All of the listing should be output exactly, apart from the pictures.

[Source material]

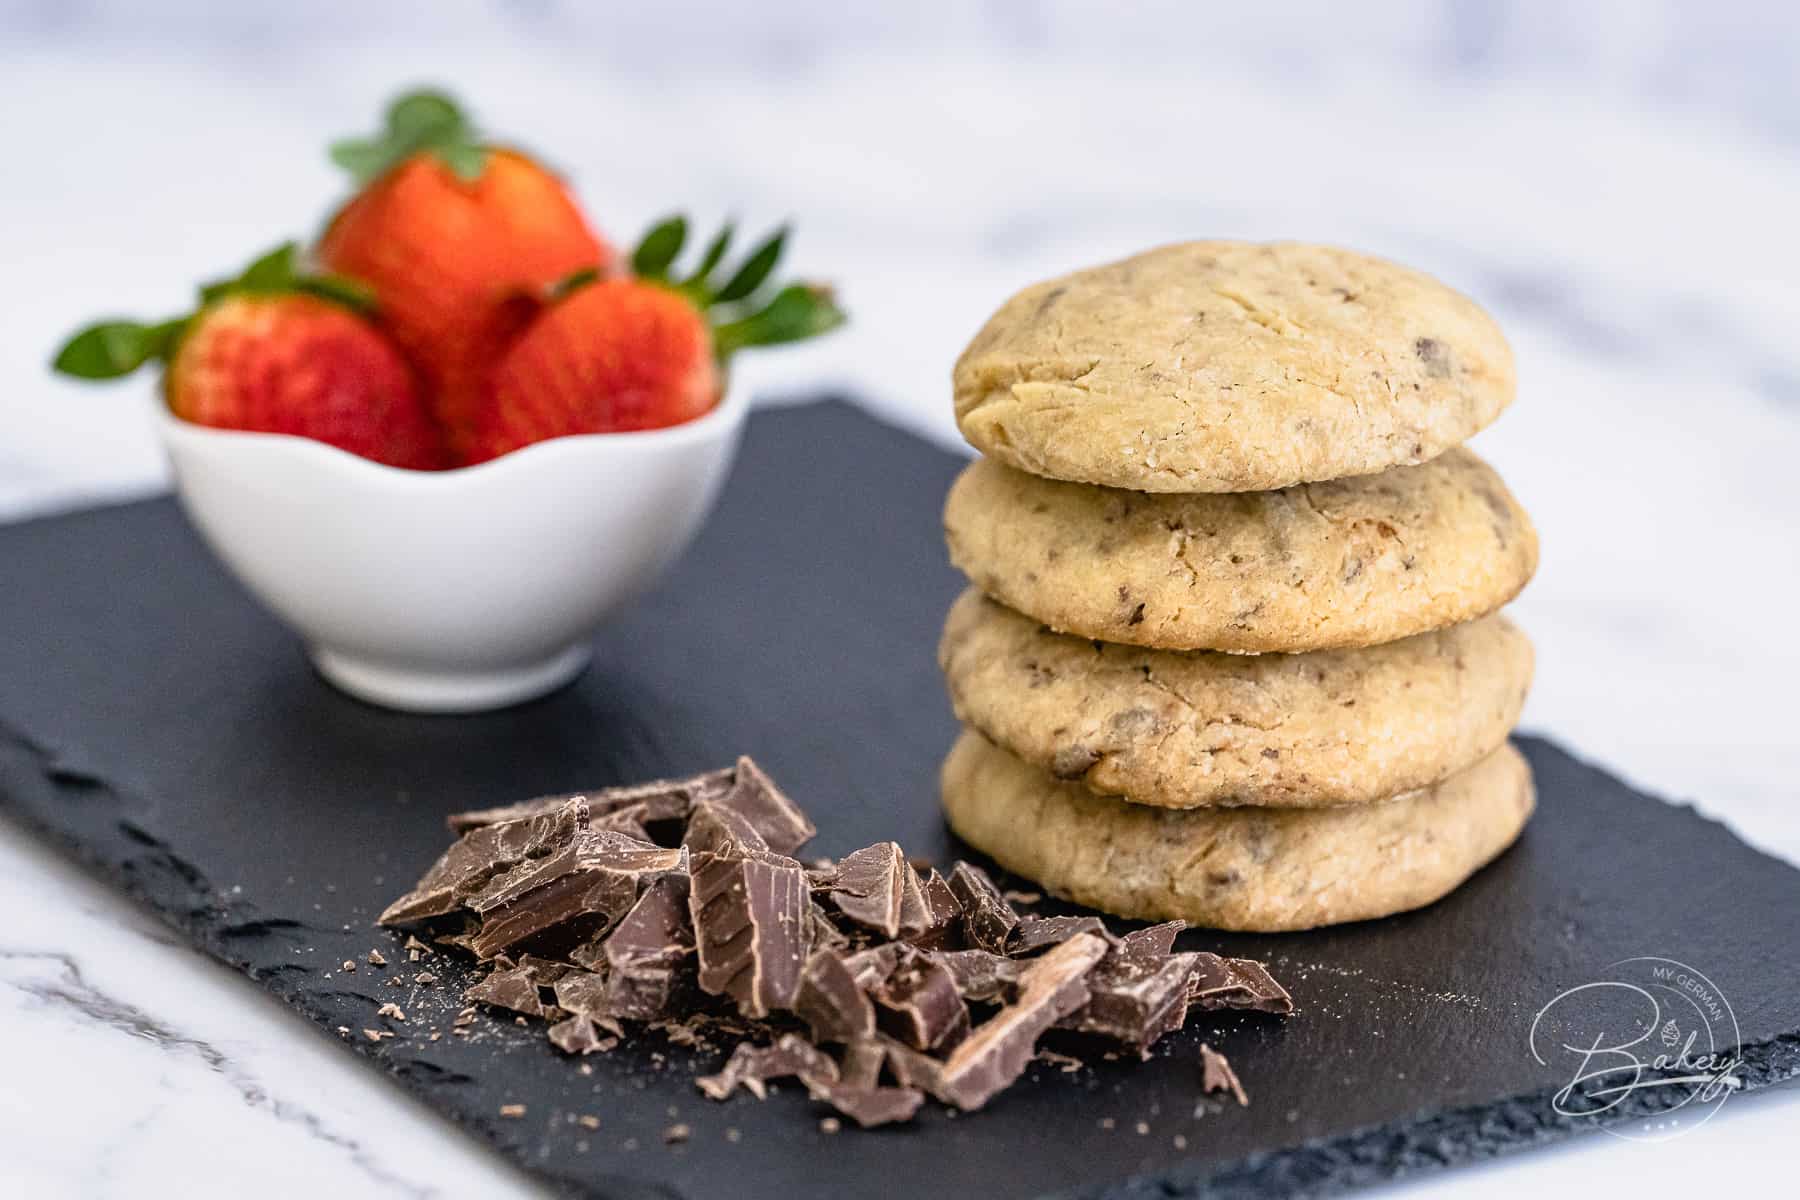 Bestes Chocolate Chunk Cookies Rezept -Leckere Schokoladen Kekse - beste Chocolate Chunk Cookies - Kekse mit Schokostückchen - Sckoko-Kekse
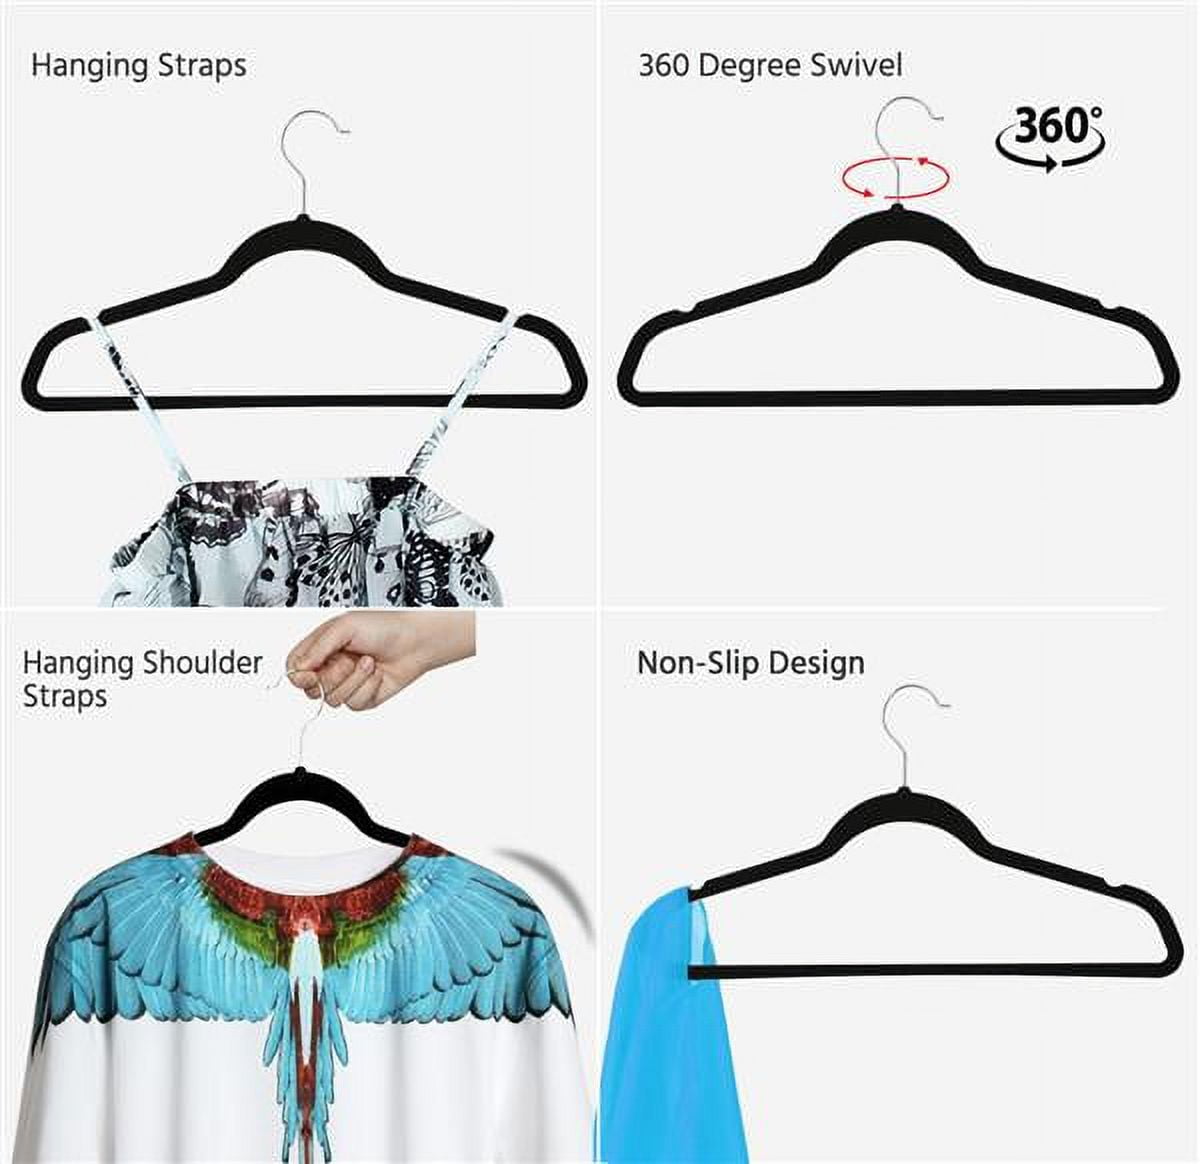 Yaheetech 100pcs Premium Quality Velvet Coat Hangers Hold Up to 11 Lbs,Beige
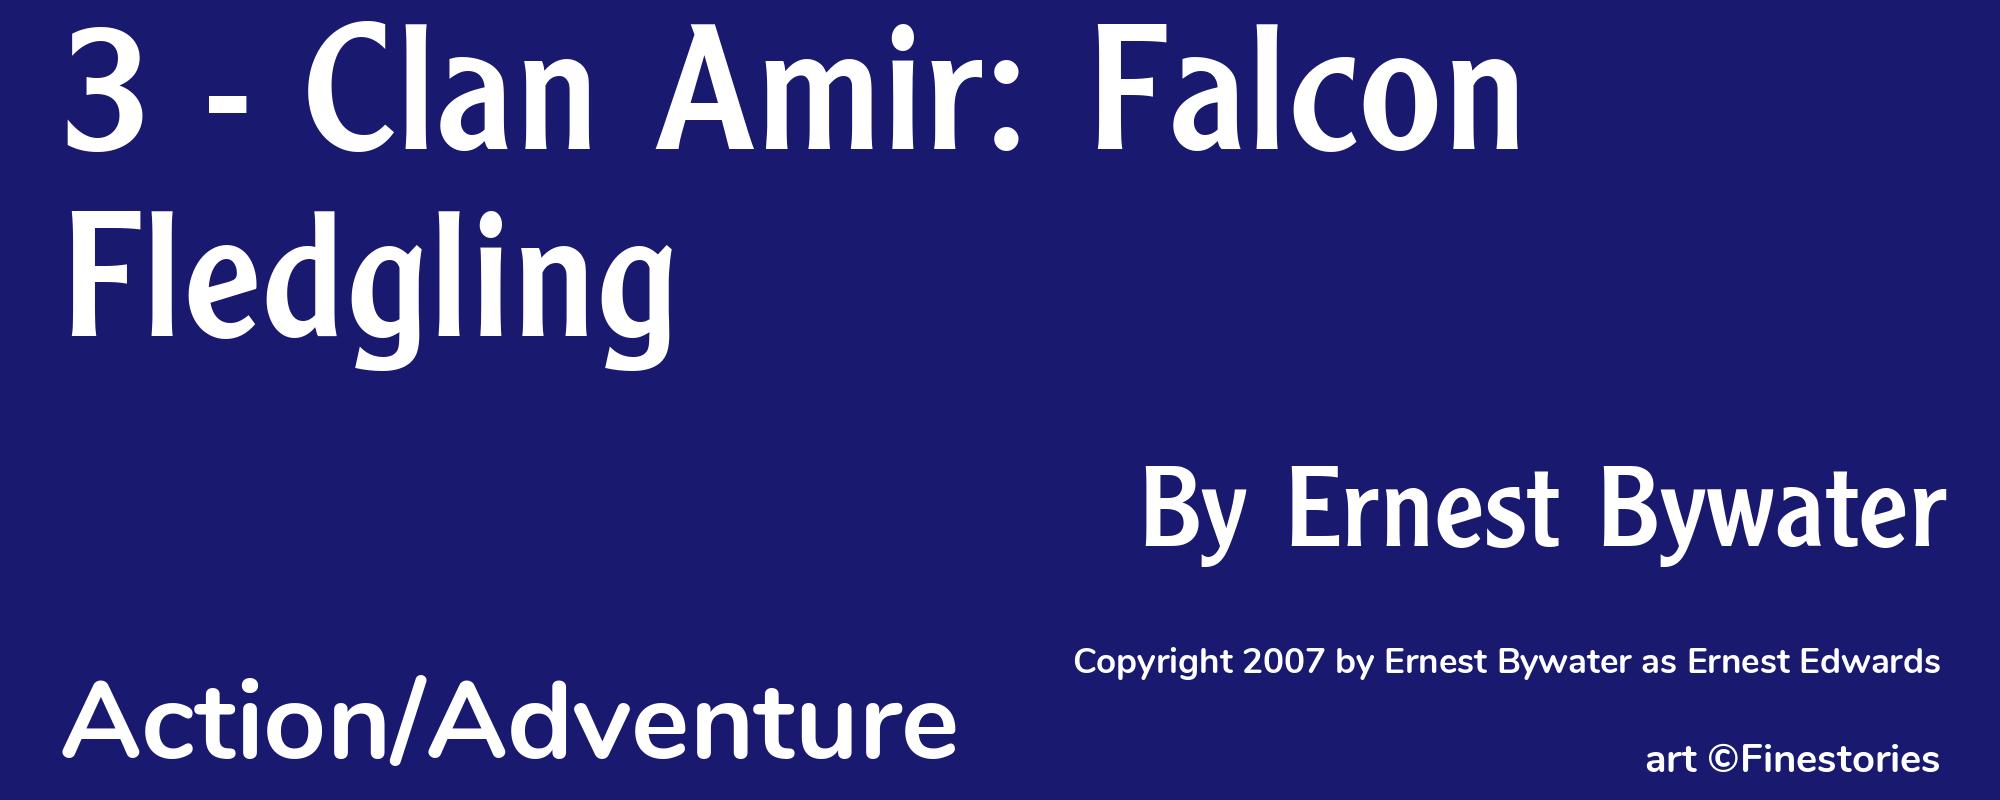 3 - Clan Amir: Falcon Fledgling - Cover

[/Source material]

Answer to this task:
 Bestes Chocolate Chunk Cookies Rezept -Leckere Schokoladen Kekse - beste Chocolate Chunk Cookies - Kekse mit Schokostückchen - Sckoko-Kekse
 Yaheetech 100pcs Premium Quality Velvet Coat Hangers Hold Up to 11 Lbs,Beige
 3 - Clan Amir: Falcon Fledgling - Cover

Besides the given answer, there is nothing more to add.